You seem to imply that you're open the concept, but are afraid the Big Bad Republican Right would poo poo it. Fuck them. Let's just do what right.
I share your frustration.

It may be helpful for us to remember what Democrats proposed to include in Obamacare in 2009. For the first time, Medicare would pay for doctors' appointments for patients to discuss living wills, health care directives and other end-of-life issues. The appointments were optional, and the AARP supported the measure. That's it.

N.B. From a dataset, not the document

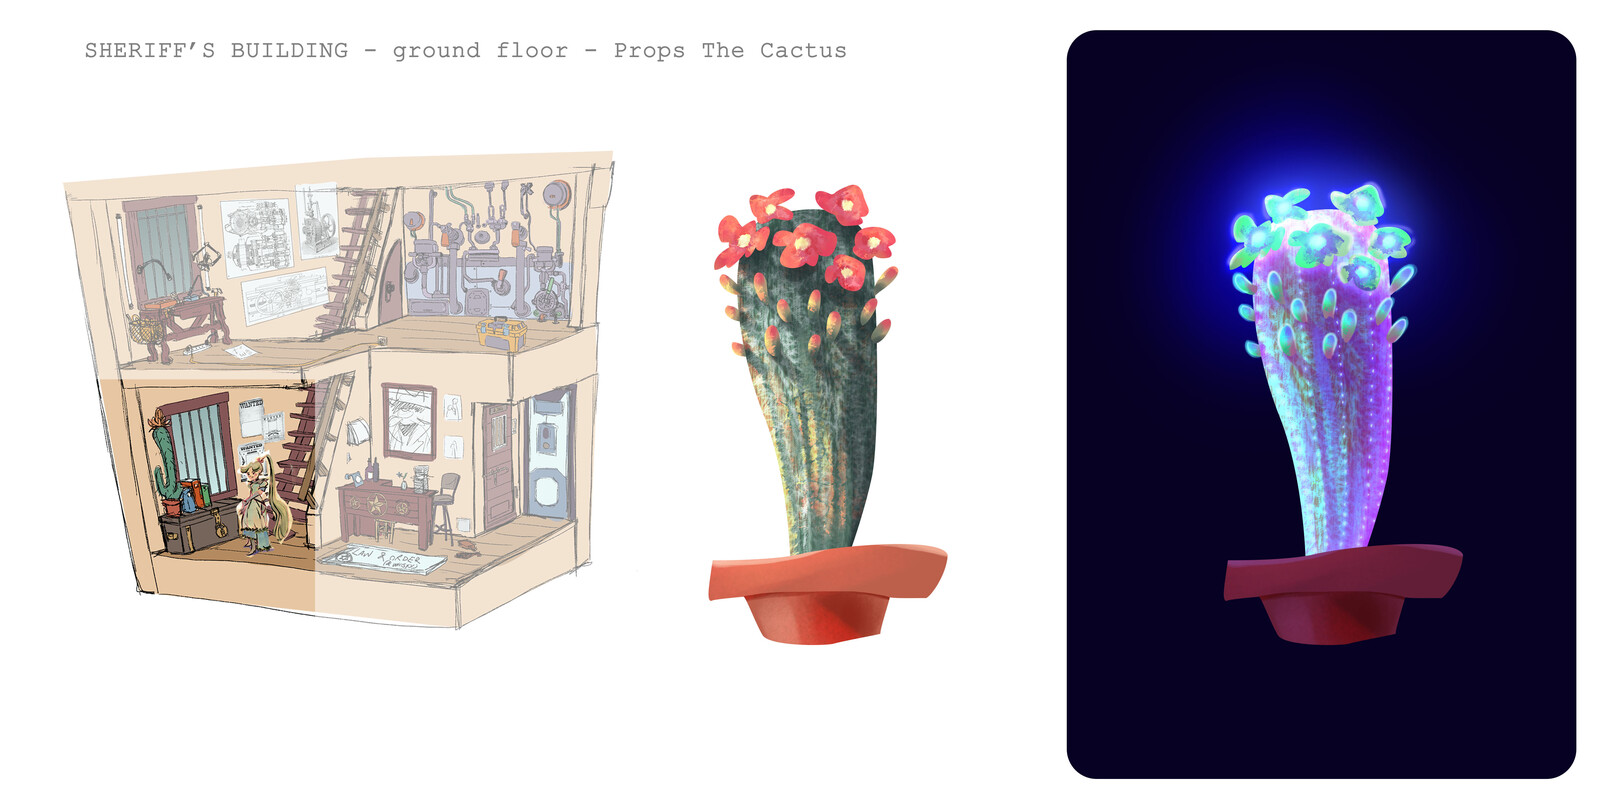 [RESTLESS] - Sheriff's building - Ground floor - PROPS - Cactus

What we then had was the GOP running wild with allegations that President Obama and the Democrats were creating "death panels". Sarah Palin, Betsy McCaughey, Virginia Foxx, Chuck Grassley, Newt Gingrich, and unknown more of their sick ilk they all whipped up right-wing hysteria with the bullshit claim that the President and his party intended to just kill sick people in order to save money. I remember, and that's exactly what they were doing.

Who cares what the GOP thinks? I do, because the country needs the cooperation of both parties to get stuff done. It's very rare for one party to get the fragile degree of control (President, Senate, Congress) the Dems had for about twenty weeks in 2009 and 2010. I don't think today's GOP is capable of getting to 60 Senate votes ever, and the Dems are unlikely to do again for some time. We need them to work together, and so we need to care what each side's approach is.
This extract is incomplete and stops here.